Stationarity of the differenced time series does not imply stationarity of the undifferenced time series. In fact, the undifferenced time series is never stationary. ?arima.sim gives an example:

ts.sim <- arima.sim(list(order = c(1, 1, 0), ar = 0.7), n = 200)
ts.plot(ts.sim)

But it is better to compare collections of simulations:

set.seed(1L)
X <- replicate(50L, arima.sim(list(order = c(1, 0, 0), ar = 0.7), n = 200))
Y <- replicate(50L, arima.sim(list(order = c(1, 1, 0), ar = 0.7), n = 200))

par(mfrow = c(1L, 2L))
matplot(X, type = "l", main = "AR(1) = ARIMA(1, 0, 0)")
matplot(Y, type = "l", main = "ARIMA(1, 1, 0)")

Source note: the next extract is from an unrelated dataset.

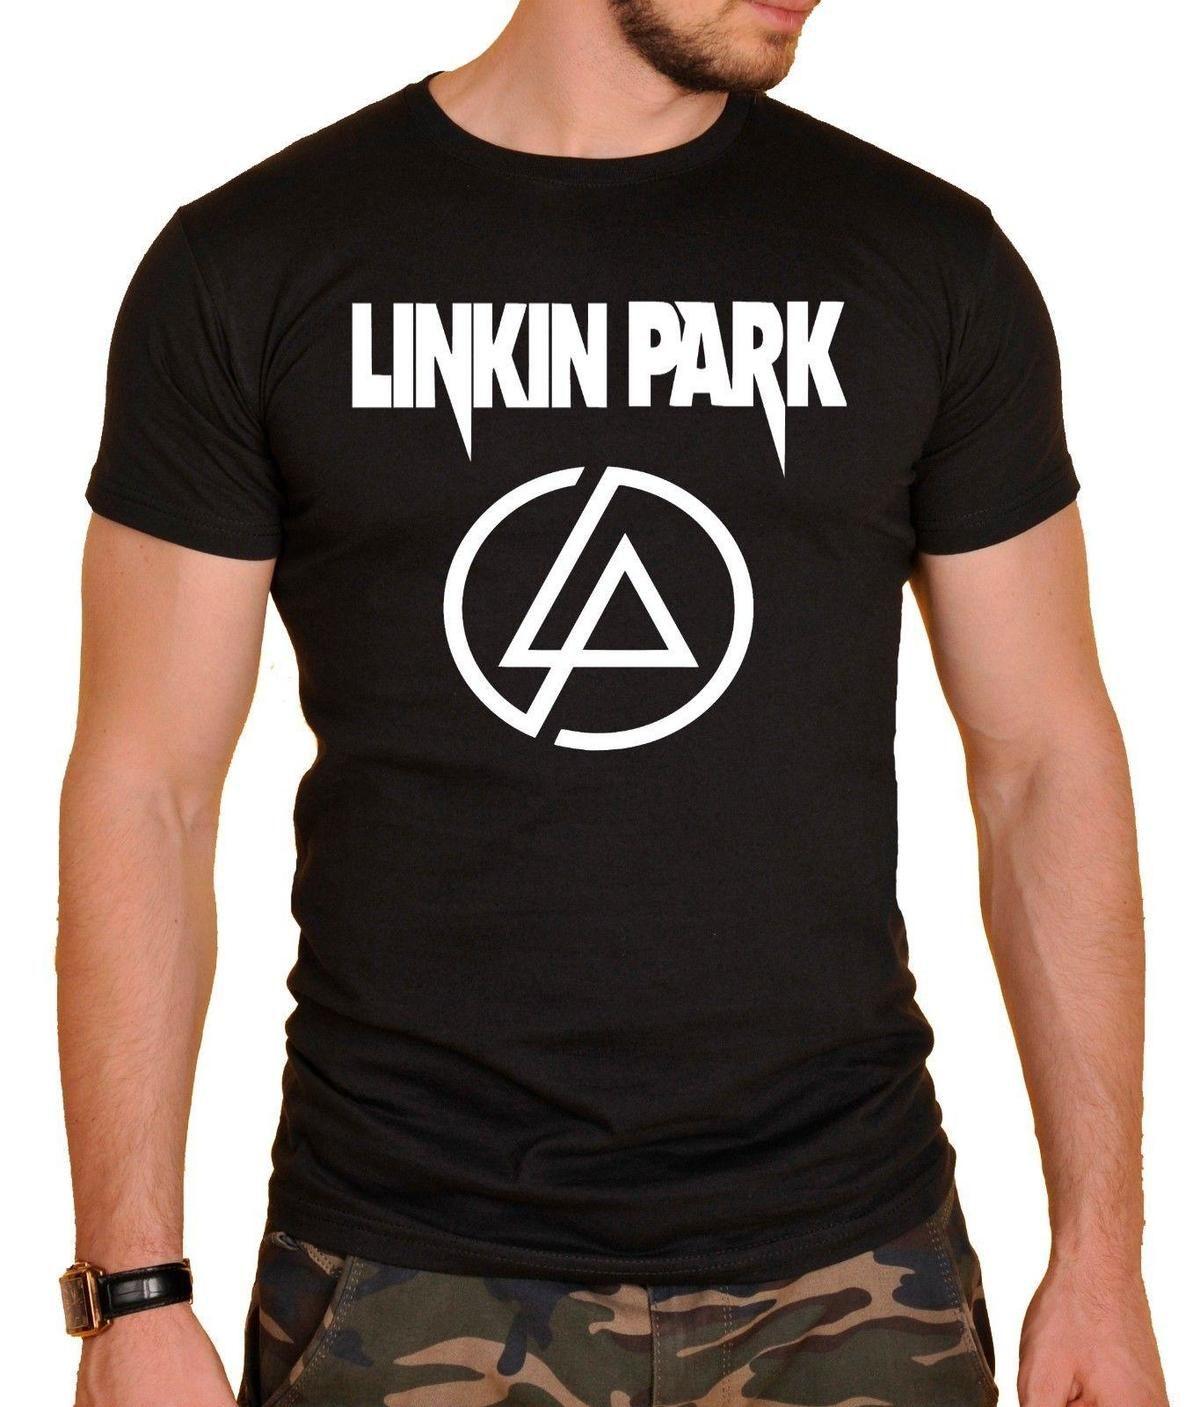 Linkin Park T Shirt 2019 Coolmine Community School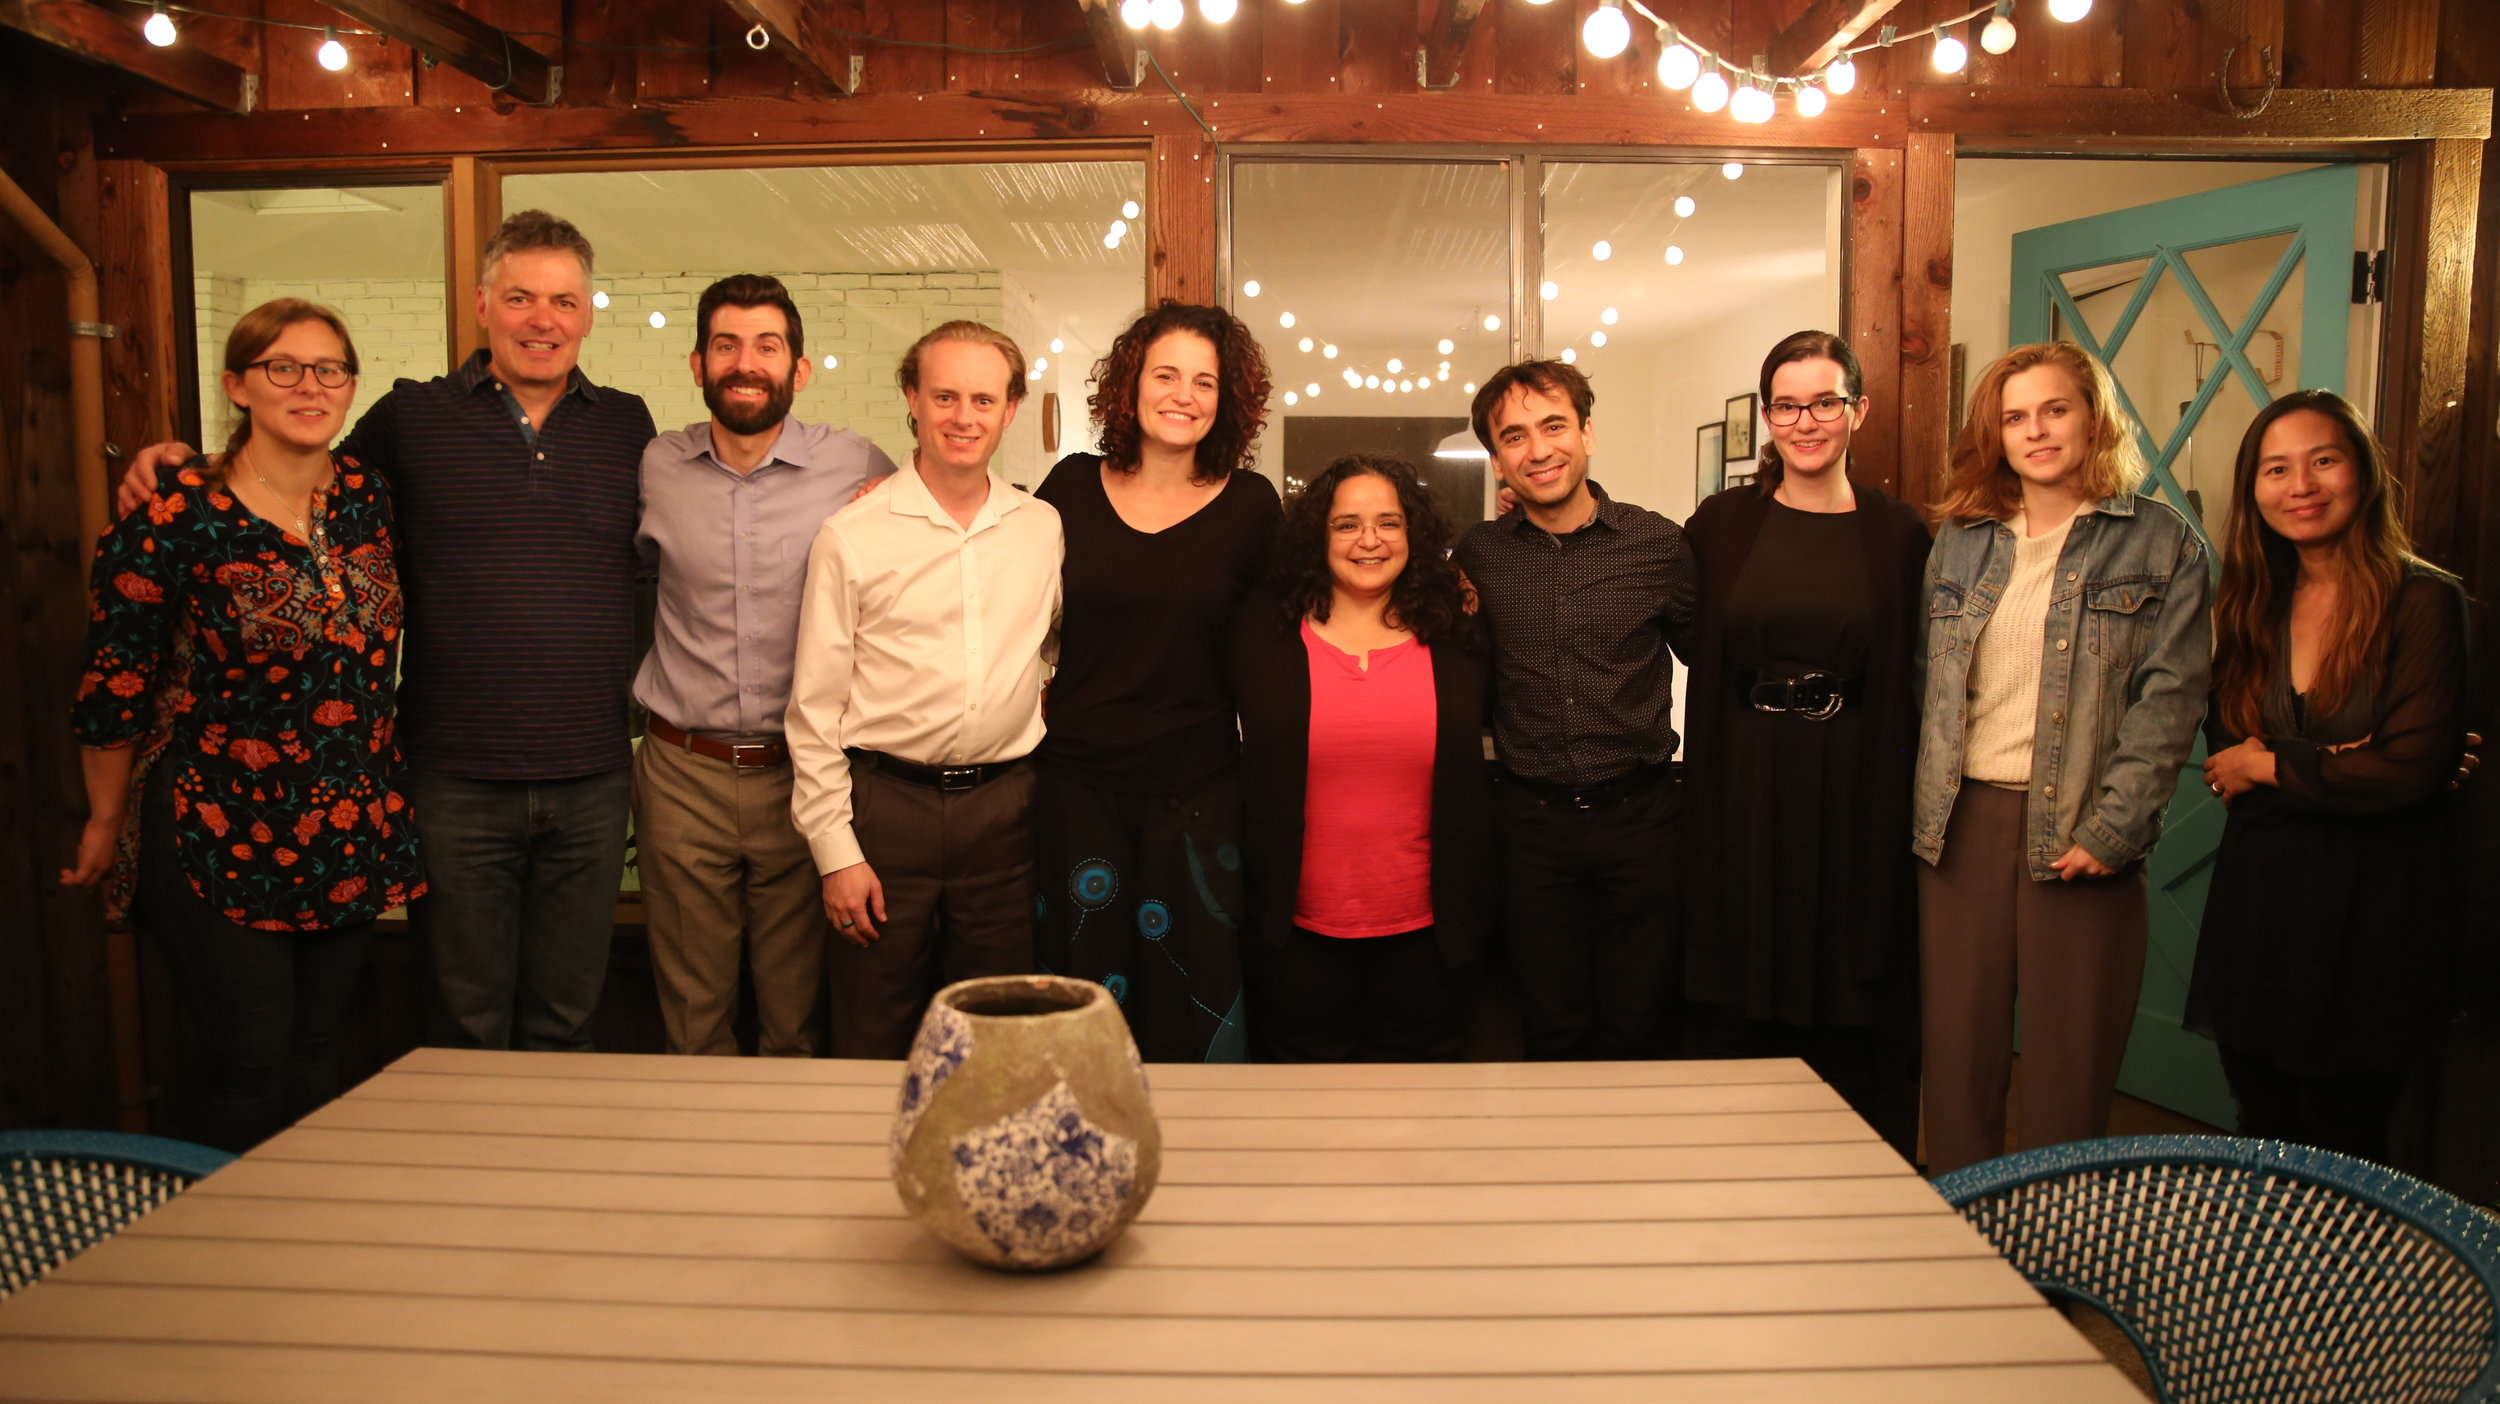 Left to right: Bonnie McLarty, Steve Juliani, Jonah Sirota, Greg Beaver, Becca Fischer, Gabriela Frank, Iman Habibi, Jessica Hunt, Beatrice Ferreira, Hyeyung Yung

If you insist on p-values, then you can perform Dickey-Fuller tests:

apply(X, 2L, function(x) tseries::adf.test(x, k = 0)$p.value)
##  [1] 0.9263981 0.9900000 0.9900000 0.2561765 0.9218488
##  [6] 0.9900000 0.1816286 0.9900000 0.9900000 0.9372659
## [11] 0.6991314 0.9018098 0.8618604 0.9390623 0.6203794
## [16] 0.9740316 0.9002020 0.8196272 0.6657746 0.9593784
## [21] 0.9900000 0.9900000 0.8572043 0.1337945 0.9817778
## [26] 0.9900000 0.9900000 0.9816193 0.9562682 0.9900000
## [31] 0.4298187 0.9550181 0.7608263 0.9900000 0.9455187
## [36] 0.7616230 0.9412379 0.9588200 0.9354637 0.9900000
## [41] 0.9900000 0.9628406 0.9818668 0.9203677 0.9804385
## [46] 0.9900000 0.9900000 0.9807893 0.9048136 0.9822757

apply(X, 2L, function(x) tseries::adf.test(diff(x), k = 0)$p.value)
##  [1] 0.01 0.01 0.01 0.01 0.01 0.01 0.01 0.01 0.01 0.01
## [11] 0.01 0.01 0.01 0.01 0.01 0.01 0.01 0.01 0.01 0.01
## [21] 0.01 0.01 0.01 0.01 0.01 0.01 0.01 0.01 0.01 0.01
## [31] 0.01 0.01 0.01 0.01 0.01 0.01 0.01 0.01 0.01 0.01
## [41] 0.01 0.01 0.01 0.01 0.01 0.01 0.01 0.01 0.01 0.01

apply(Y, 2L, function(x) tseries::adf.test(x, k = 0)$p.value)
##  [1] 0.01 0.01 0.01 0.01 0.01 0.01 0.01 0.01 0.01 0.01
## [11] 0.01 0.01 0.01 0.01 0.01 0.01 0.01 0.01 0.01 0.01
## [21] 0.01 0.01 0.01 0.01 0.01 0.01 0.01 0.01 0.01 0.01
## [31] 0.01 0.01 0.01 0.01 0.01 0.01 0.01 0.01 0.01 0.01
## [41] 0.01 0.01 0.01 0.01 0.01 0.01 0.01 0.01 0.01 0.01

(These p-values are computed by linear interpolation on a very coarse grid. You should take 0.01 to mean some number between 0 and 0.01, and 0.99 to mean some number between 0.99 and 1.)